J’identifie rapidement :

  • Que les objectifs de l’entité ne sont pas (ou plus) forcément alignés avec ceux des actionnaires.
  • Que la communication des actionnaires entre eux et avec Paul est malaisée ; on se fait des amabilités, on prend soin de l’autre dans la forme, mais on n’aborde jamais les sujets de fond.

Dans une telle situation, Paul, mal à l’aise, essaie d’exprimer sa frustration et tente de « faire des propositions constructives » (il sait qu’on n’aime pas les gens qui râlent, et c’est un « manager » pas un exécutant, on attend de lui de l’autonomie et de la prise d’initiative…). Mais à chaque fois, il échoue.

Il se sent comme une mouche enfermée dans un bocal, qui essaie de s’en sortir et se tape contre les parois…

L’intervention se déroule comme suit.

Je rencontre Paul pour la première fois fin mai.

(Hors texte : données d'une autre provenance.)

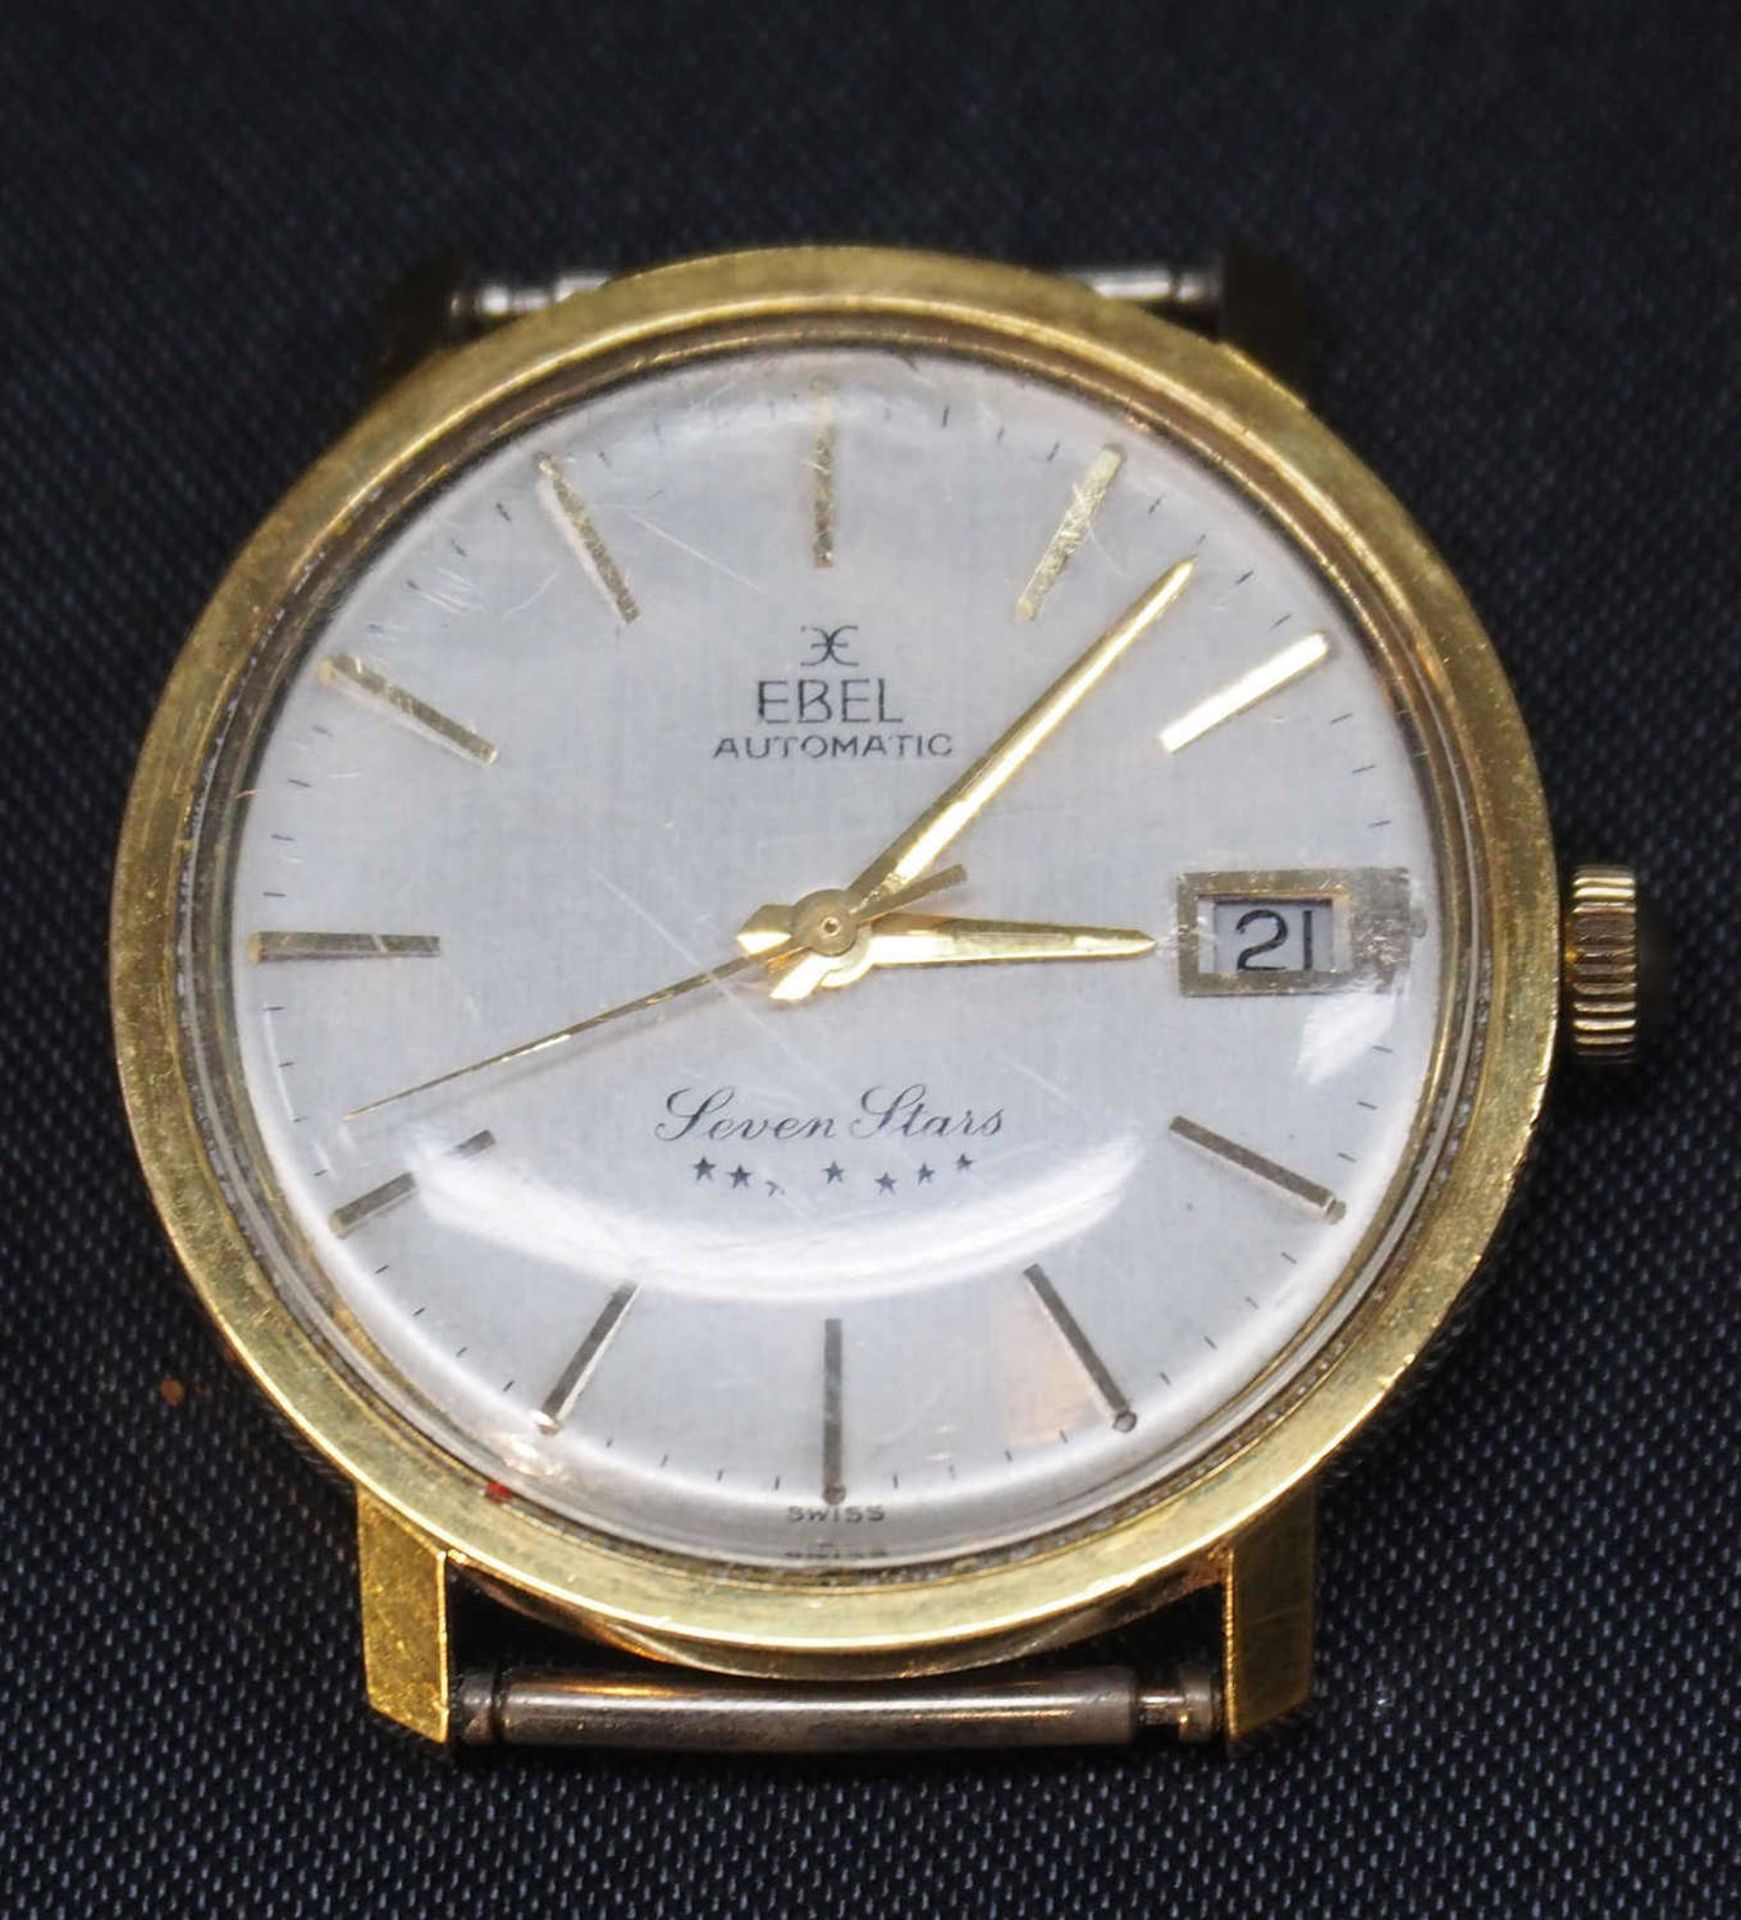 Men's wristwatch, Ebel Automatic, Seven Stars, with signs of wear. Function ok. Without a bracelet.

Il m’explique qu’il a décidé de prendre en main l’ordre du jour du futur comité de direction et de mettre les pieds dans le plat, qu’il a menacé de ne pas ouvrir l’entité au public l’année prochaine si le recrutement d’une personne « référente » – recrutement que tous considèrent comme « clé » pour la réussite du projet – n’était pas réalisé, etc… J’investigue sur la situation, sur le danger dans lequel il se met lui-même et sur ses sentiments. Je récupère divers documents me permettant de mieux comprendre le contexte.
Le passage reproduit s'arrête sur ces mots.